Fellow Republicans like Marco Rubio have dismissed Paul as an isolationist. In another shot across the bow, Chris Christie called his foreign-policy libertarianism “a very dangerous idea.” John McCain was even more dismissive, shrugging off Paul and like-minded tea partiers as “wacko-birds.”
At a time when neoconservatives should have been discredited by the failures in Iraq and Afghanistan, their stark contrast to Obama’s foreign policy allows them to retain their hold on the GOP. Thus the party’s unwavering dedication to its anti-Obama compass keeps it firmly on the fringes of the foreign-policy debate.
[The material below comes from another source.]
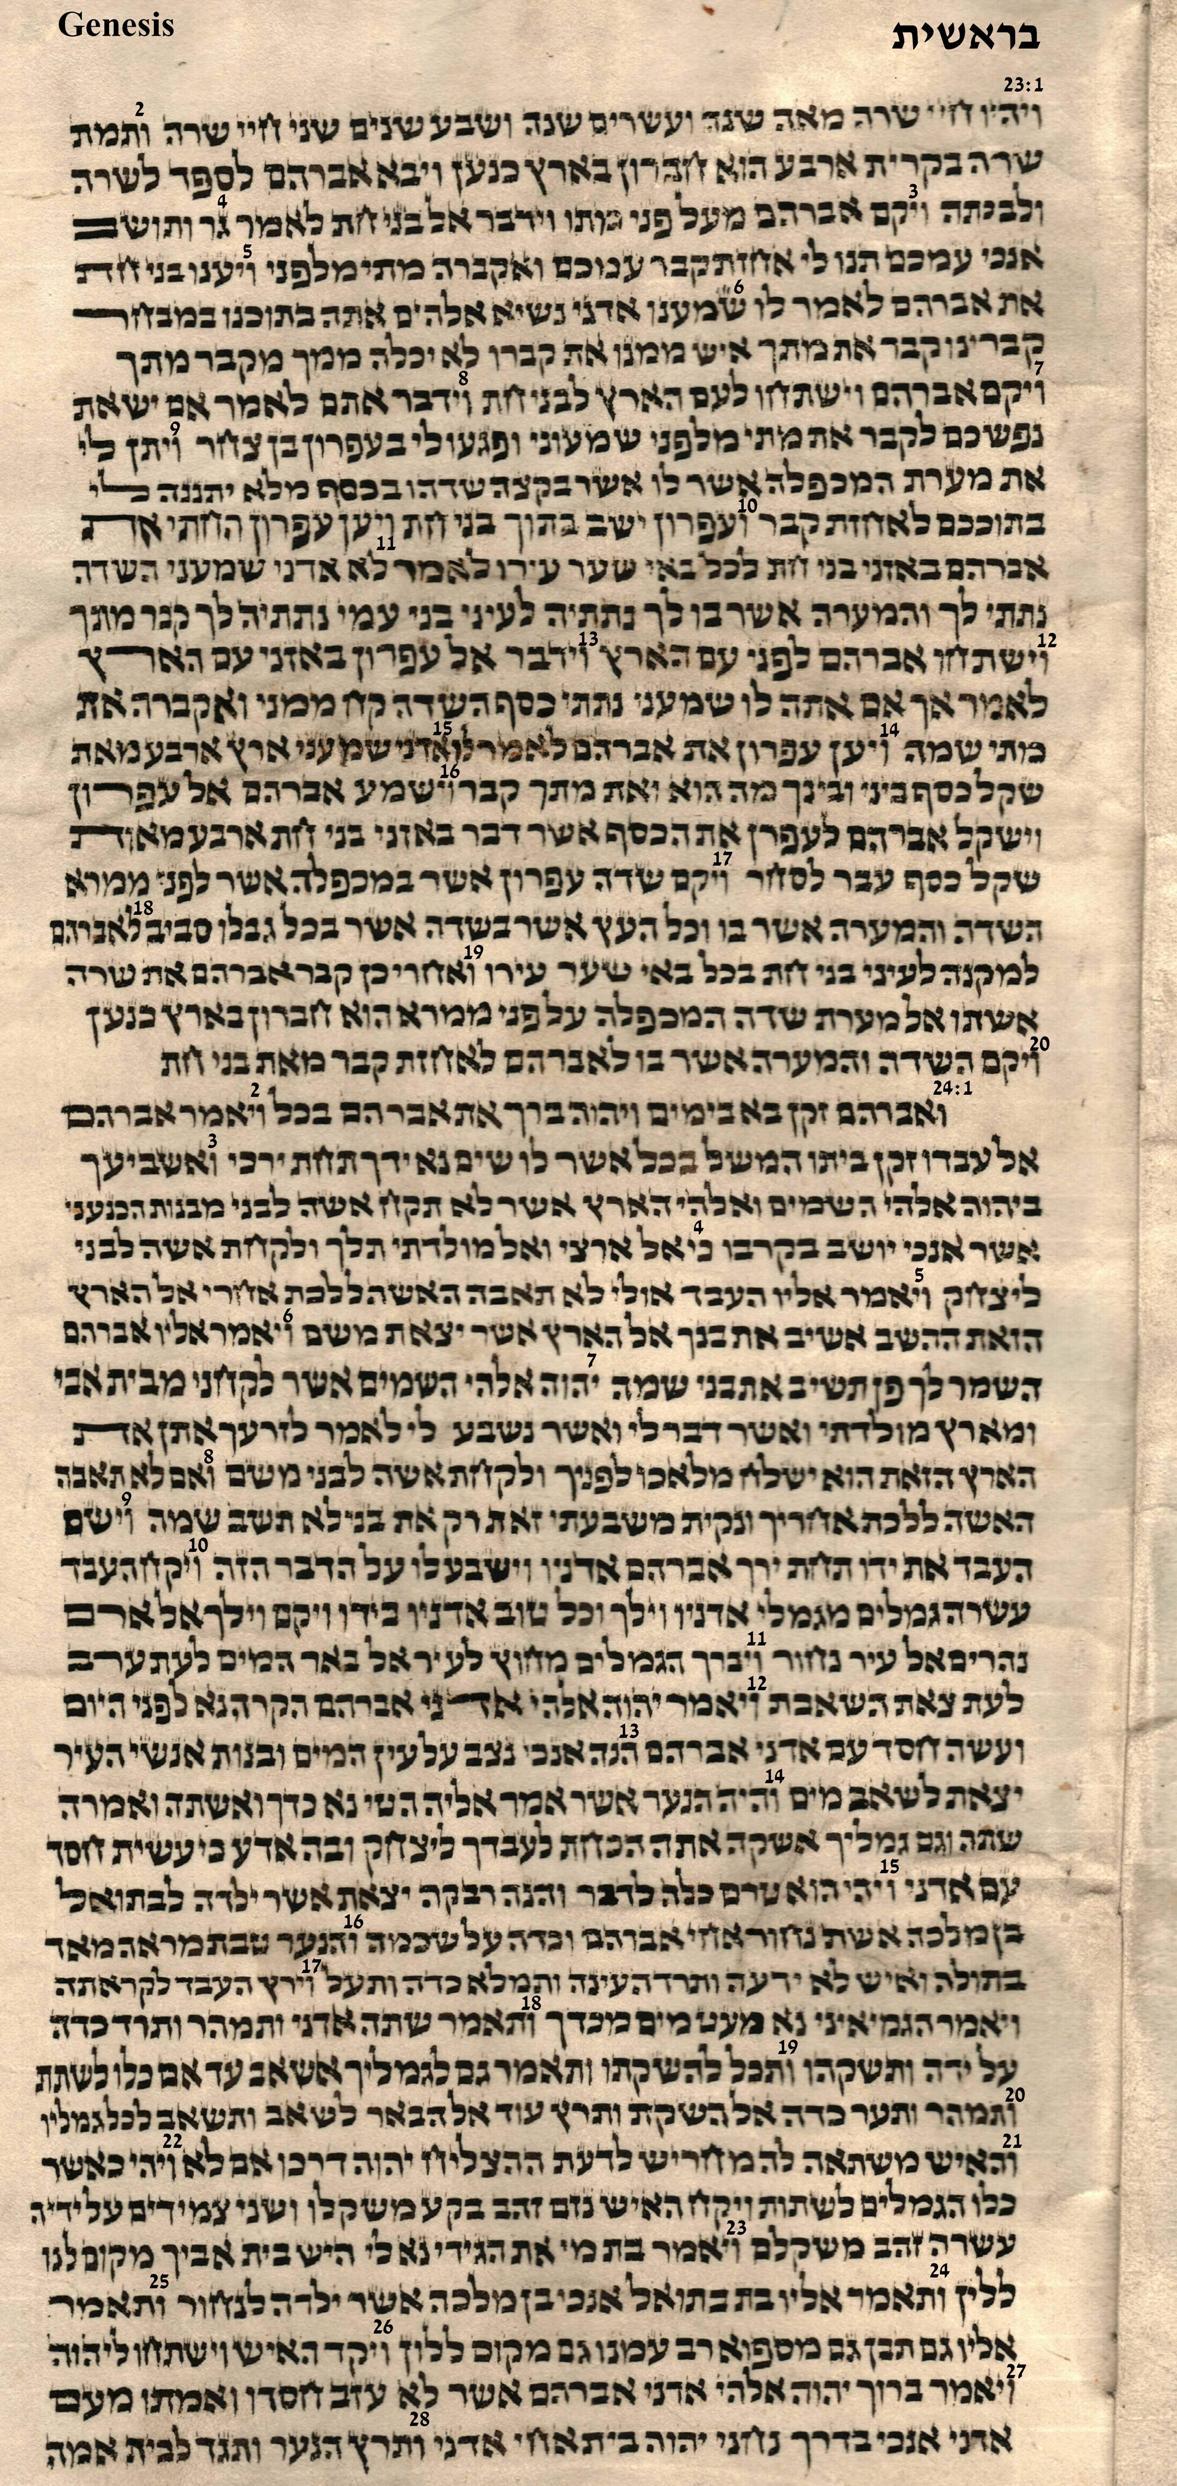 Genesis 23.1 - 24.28

There is room to challenge Obama and the Democrats. The president has failed to articulate a clear vision for America’s role in the world, so his actions often appear haphazard and aimless. For Republicans, the time is right to show they have a coherent set of prudent foreign policy principles. Such principles would be grounded not in ideology but in interests. The central question would be which actions best promote American security, legitimacy, and economic strength.
A realist Republican foreign policy would also acknowledge the limits of America’s ability to control outcomes. When the United States tries and fails to exercise power, as it did in Iraq and Afghanistan, the limits of its influence are laid bare.
As such, Republicans should promote a vision of the US in the world that shapes rather than dictates outcomes. Guided by this vision, America would help build regional coalitions but not lead them. It would rely on economic and diplomatic strategies far more than military ones. This approach would slash the cost of American foreign policy, satisfying deficit-minded Republicans while recognizing the country’s thin financial resources.
A voice of principled realism that clearly outlined a philosophy for American intervention could return Republicans to foreign policy ascendancy. But before they get there, they have to acknowledge that the path forward brings them closer to Obama, not further away. If Republicans can’t do that, they’ll be in the wilderness for decades to come.
Nicole Hemmer, a research associate at the United States Studies Centre at the University of Sydney, teaches history at the University of Miami.